There is something about mighty white cliffs. During World war II, the iconic White Cliffs of Dover was a symbol of freedom, of Britain as the bulwark against the nazi tyranny. The Seven Sisters, near Brighton, are no less spectaculars. The French have their Cote d’Albatre, the Alabaster coast.
The Danes have Stevns Klint, the place where the dinosaurs died – and then there is an even more spectacular cliff: Møns Klint.
Møns Klint is called “the place where Denmark was born”. It is the southeasternmost point of “main” Denmark, except Bornholm, where the sun rises above the land of hygge. The spectacular chalk cliffs are the first to receive the sun rays of a new day.
The chalk is kind of a national rock for the Danes, the literal foundation for their country (and the closest they get to actual rocks). Møns Klint, Stevns Klint and other klints – klint is the Danish word for cliff – are also the closes they get to real topography, in this otherwise flat country. Møns Klint rises to 128 meters, straight from the sea, and creates a rolling topography, making the island of Møn look almost like Tuscany. The geology and the biodiversity has awarded Møns Klint the status of an UNESCO special biosphere area.
Geocenter Møns Klint is a science and experience center, which tells the story of Møns Klint, its geology and life from the Cretaceous through the ice ages until today.
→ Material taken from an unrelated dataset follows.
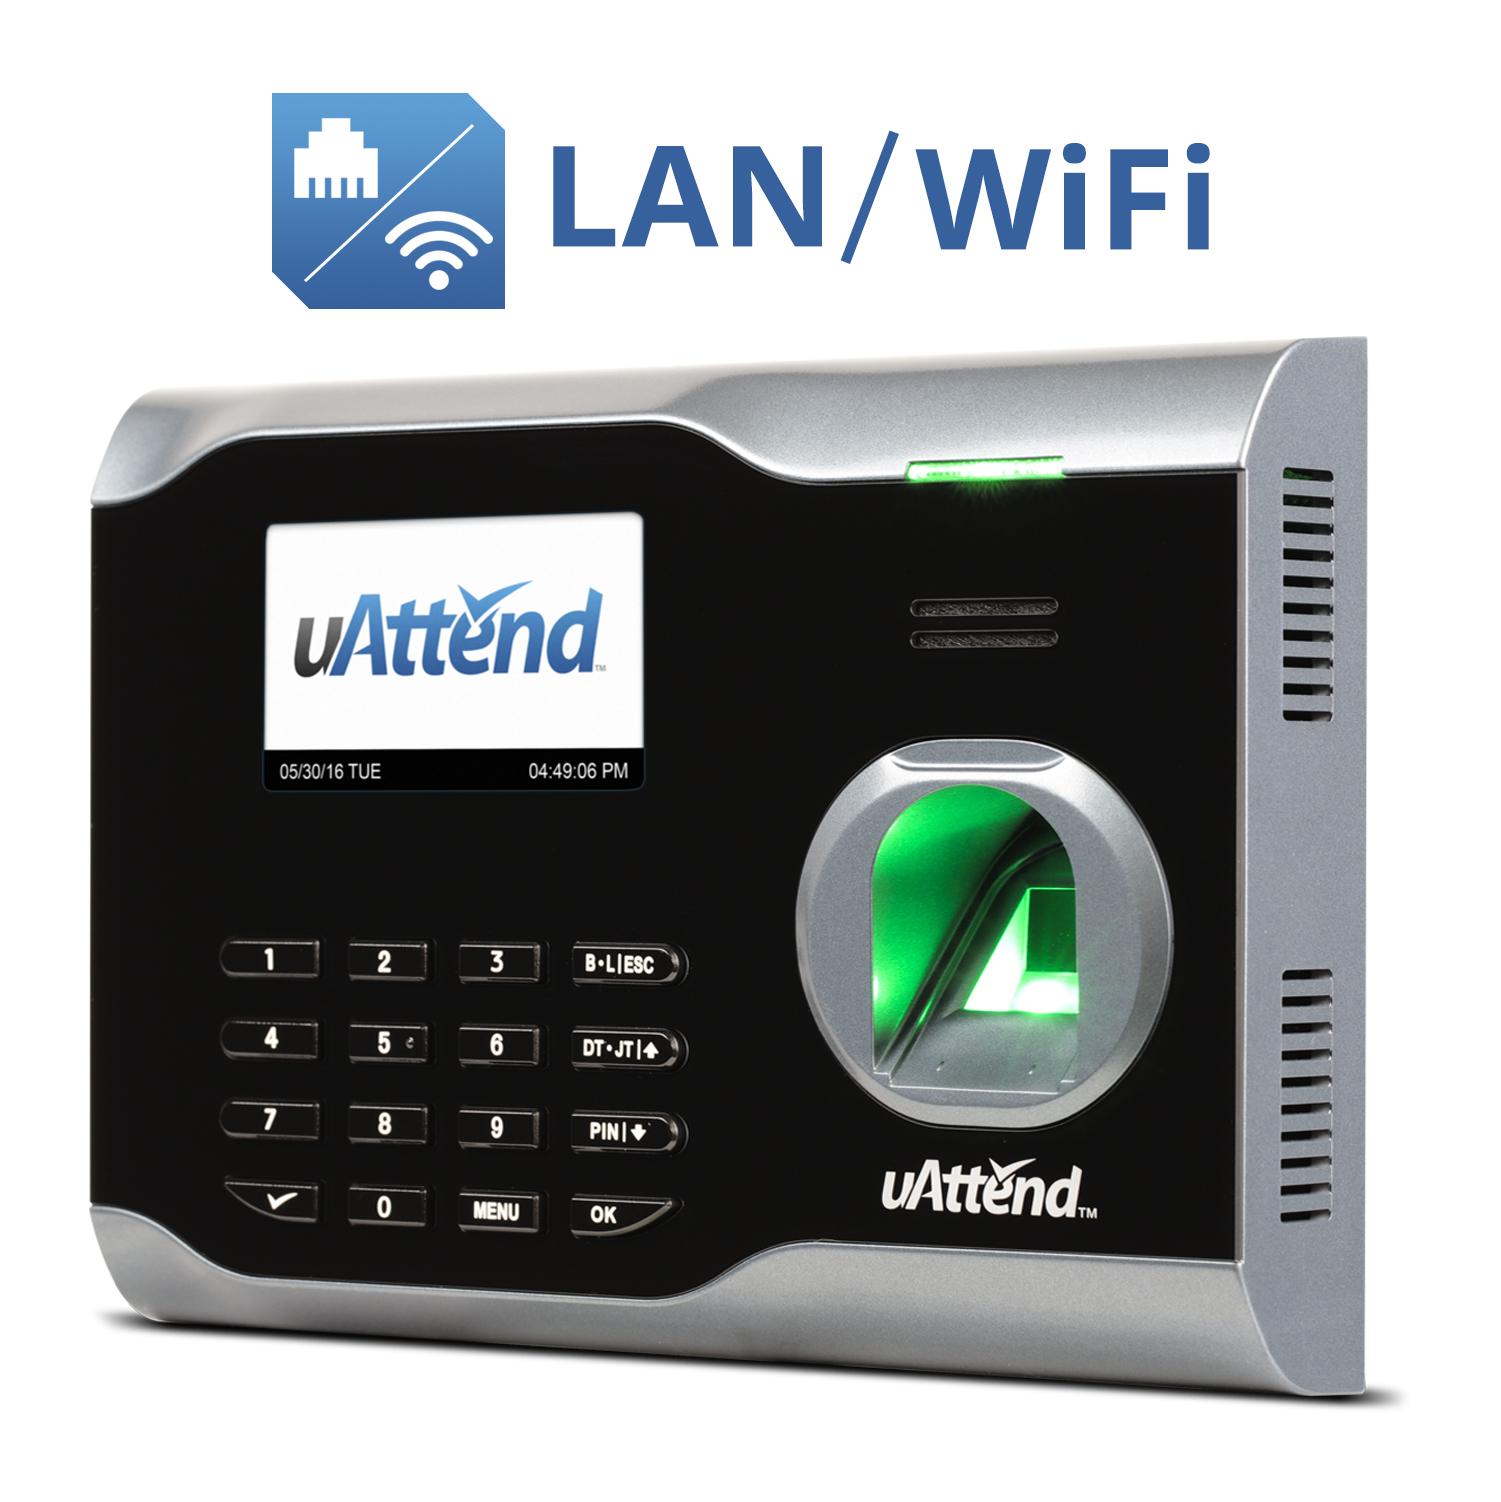 uAttend Demo - uAttend Biometric Fingerprint WiFi Time Clock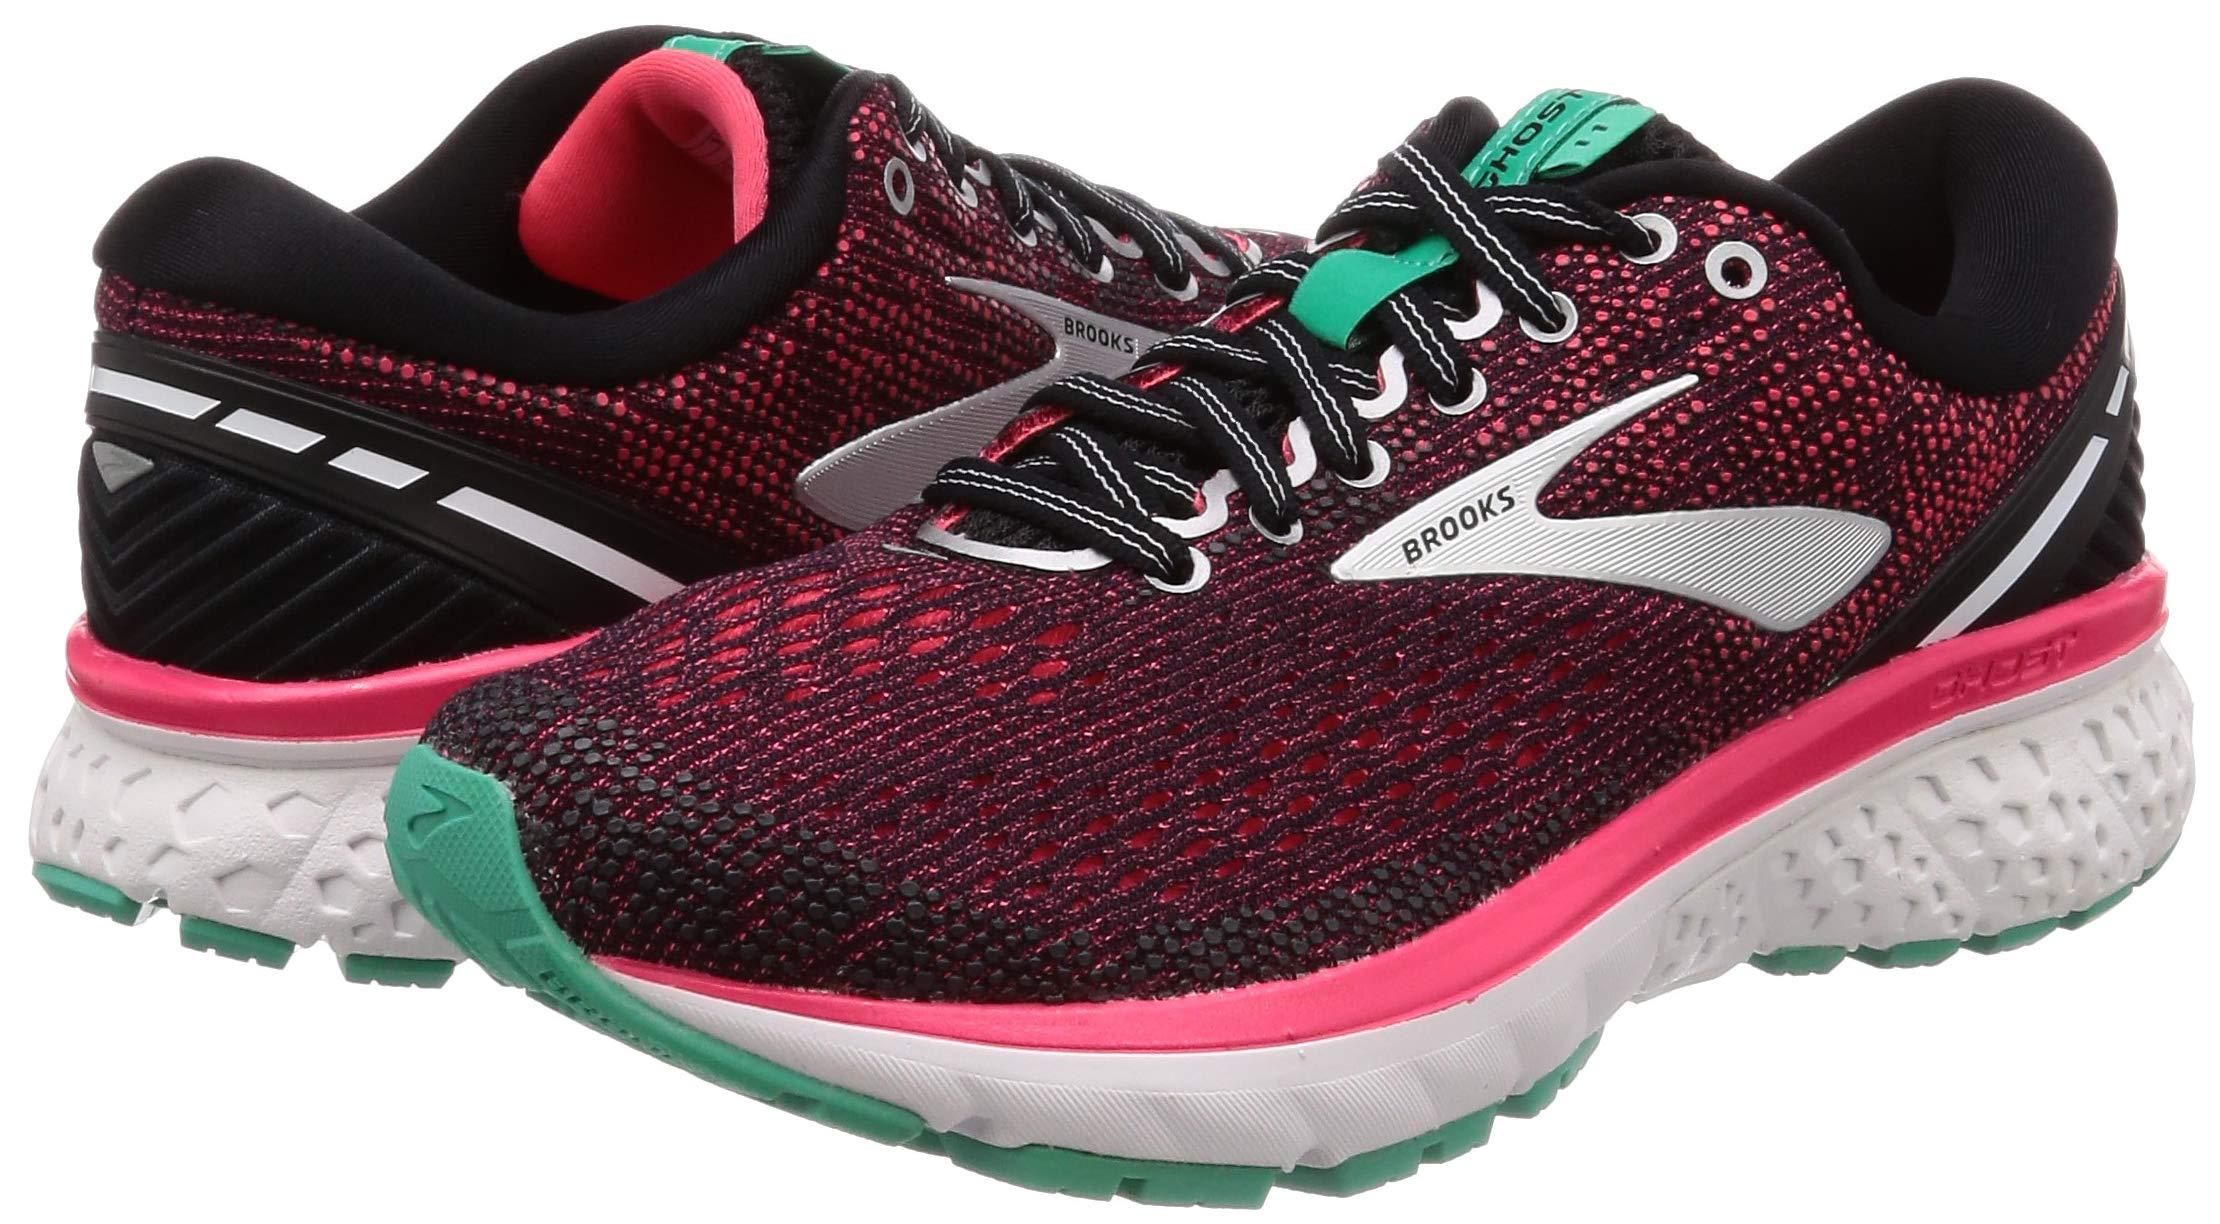 Brooks Womens Ghost 11 Running Shoe - Black/Pink/Aqua - D - 5.0 by Brooks (Image #5)

The chalk is a special rock. It is entirely made up of tiny-tiny, micron-sized shells from algae. In the Upper Cretaceous, an ocean covered what is the North Sea, and in it lived zillions of coccoliths, algae with shells like micro-sized Frisbees or shields. So many algae bloomed, that the sea must have been white at times. When the algae died, their shells sunk to the bottom of the sea. There, they stacked like an enourmous house of cards, which through time collapsed by compaction – pressure from rocks above – and by bioturbation; digging of worms and creepy-crawlies living in the sea bottom. Up close, the chalk is messy, lumpy, more grey than white.
Møns Klint’s chalk was laid down in a shallow sea around 70 million years ago, towards the end of the dinosaurs’ reign in the late Cretaceous – the name Cretaceous stems from the chalk itself. In this sea lived the dinosaurs’ contemporary marine badasses: the mosasaurs.
Mosasaurs ruled the oceans during the last part of the Cretaceous. They were up to 17 meters long, and looked like big lizards, but with dolphin-like body shape, and strong flaps instead of legs. At Møns Klint, their fossils are limited to occasional teeth, but they show that those seas were a dangerous place.
Much more common are the belemnites. The old norse believed that they were the tips of lightning bolts sent by the thunder god Tor, but they are really the rear shells of extinct, small ten-armed octopuses. In fact, the Geocenter at Møns Klint attempts to create the world’s largest collection of belemnites! Sea urchins are also common fossils.
If you want to try hunting for your own fossil, the Geocenter arranges for guided fossol collection trips – or you can walk the long stairs down to the pebble beach to hunt on you own, looking up at the mighty cliffs.
Then, also take a walk along the tops of the cliff, to enjoy the view of the white cliffs against the blue sea. Follow the marked paths with fences to the cliffs; the forest is vulnerable and the cliff edges unstable. Rock slides happen now and then, especially during the winter.
How to get there: Møns Klint is on Møn, the southeasternmost of the Danish islands, except Bornholm. By car, follow E47 from Copenhagen southwards to near Vordingborg, then road 59 to Stege, which continues as road 287 to Møns Klint. From Møns Klint Resort and Camping, follow signs towards Møns Klint. The last part of the road is a gravel road. Travel time is around 1 hr 45 mins.
By public transport, take the train from Copenhagen to Vordingborg, and then bus 660R to Stege and 678 to Møns Klint. Travel time ca 2 hrs 45 mins.